Conversely, lower light exposure in the evening allows melatonin to rise and promote good sleep. However, that melatonin regulation kicks off in the morning. So everything is set right from the get-go. So unless you get that early exposure to sunlight, it just makes it more difficult for you to regulate that melatonin production and get that good sleep that you need. And some studies suggest that UV radiation can suppress the excessive immune responses associated with autoimmune diseases.
So obviously there is a balance, you don't want too much sun on your skin and you don't want to get sunburned, but potentially this can help with our immune response as well. Obviously there's also that relationship that we get an increased production of vitamin D when we're exposed to sunlight, except this time of year there isn't the strength of those UVB rays that allows for that production to occur.
Sunlight during winter is less about vitamin D production and more about these other benefits here. And of course this time of year we don't get a lot of sun. Exposure to that natural light though is still really important and a lot of these benefits can exist just being out in that natural light. And ideally it would be out and not just looking at the light because obviously UVB rays can be locked by, can be shut out by glass for example.

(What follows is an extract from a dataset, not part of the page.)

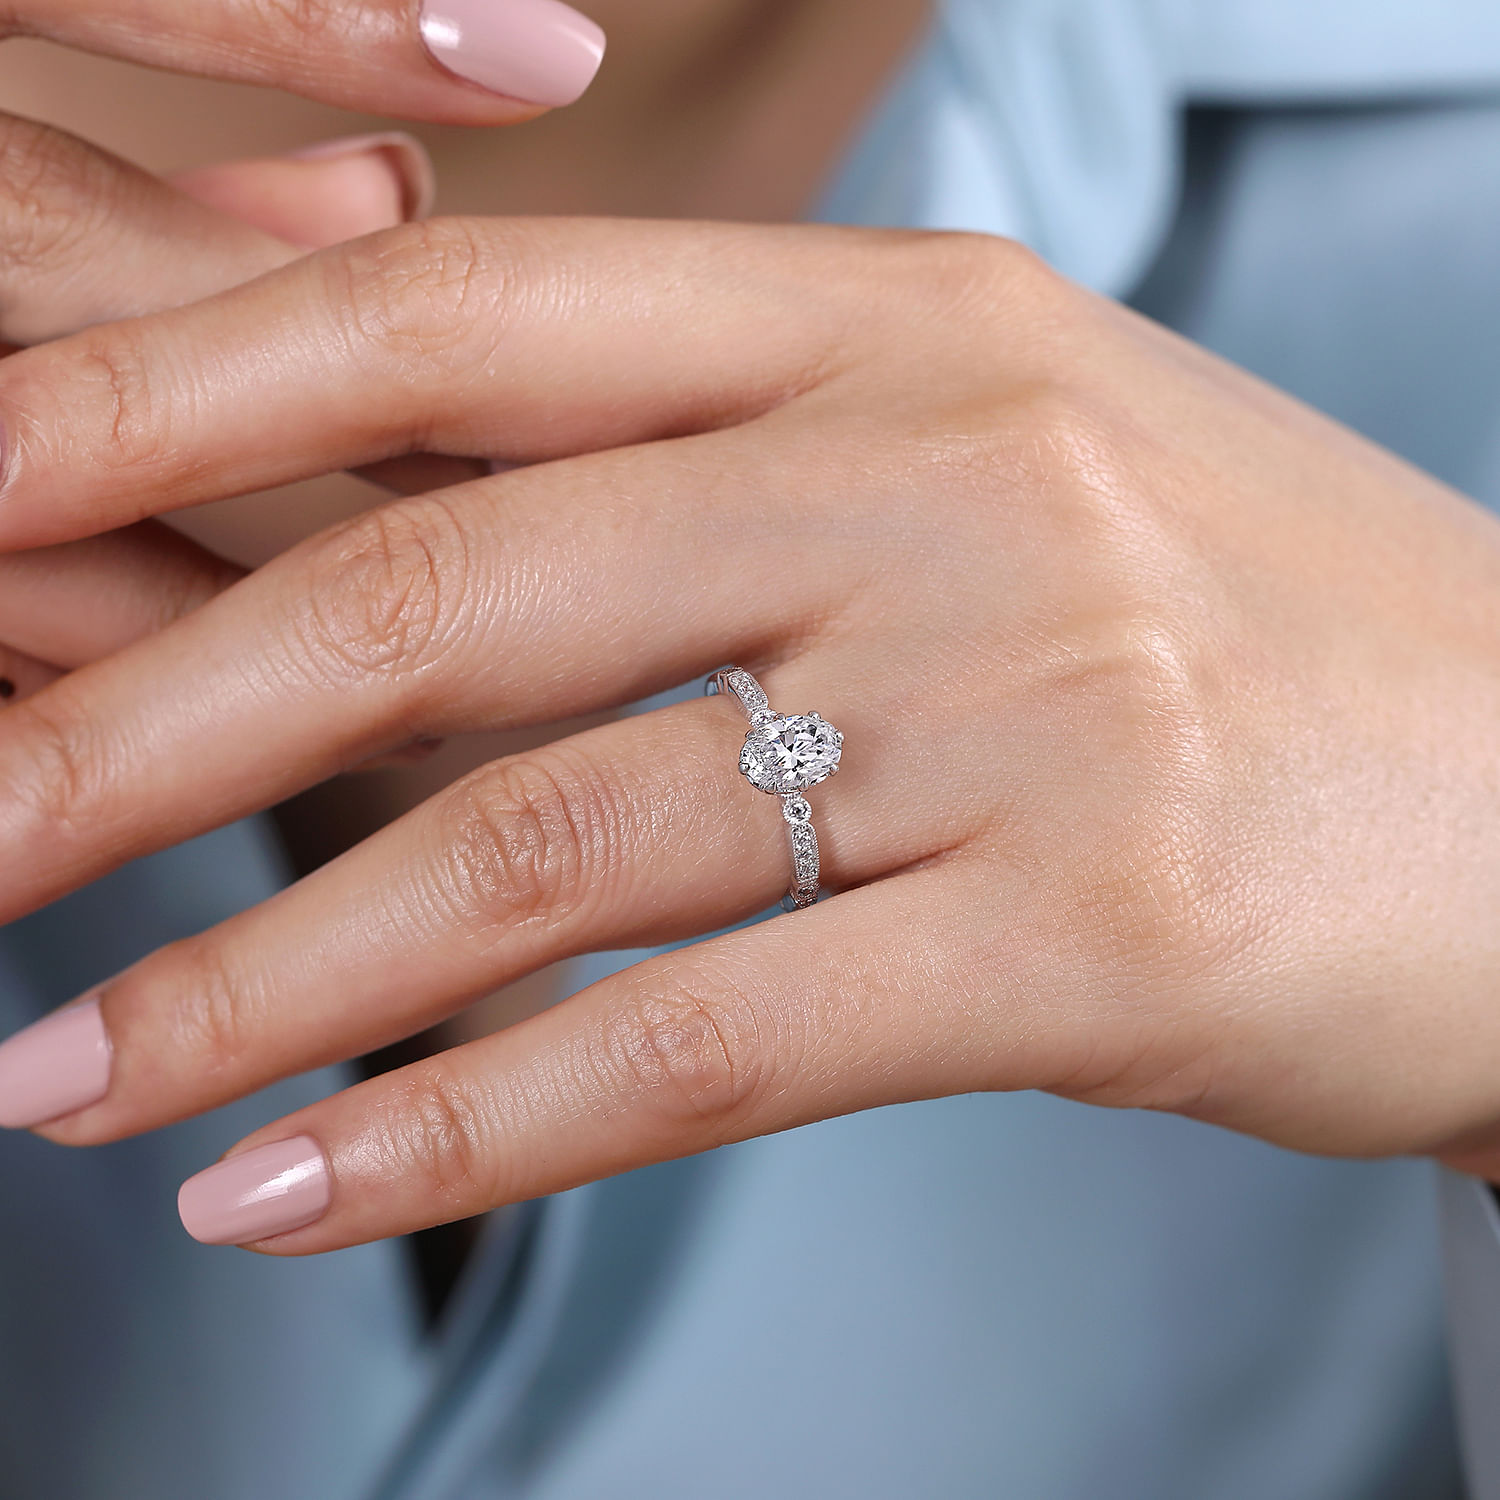 Vintage Inspired 14K White Gold Oval Diamond Engagement Ring

Now if you are someone who is gets excessively stressed, that's a super important factor when thinking about your immune response in your immune system. Chronic stress can have a significant negative impact on the immune system. Increased cortisol is just one thing and this can inhibit the function of the immune system by suppressing some of the immune responses and promoting others, leading to this imbalance. So cortisol can reduce the production of white blood cells,
impair the function of T cells and prolong that inflammatory response. And chronic stress, obviously, as I just mentioned, it can promote an overactive inflammatory response which leads to that low-grade chronic inflammation which negatively impacts overall health and the immune system. We get decreased lymphocytes, so chronic stress decreases the body's lymphocytes which are those white blood cells that fight off infection.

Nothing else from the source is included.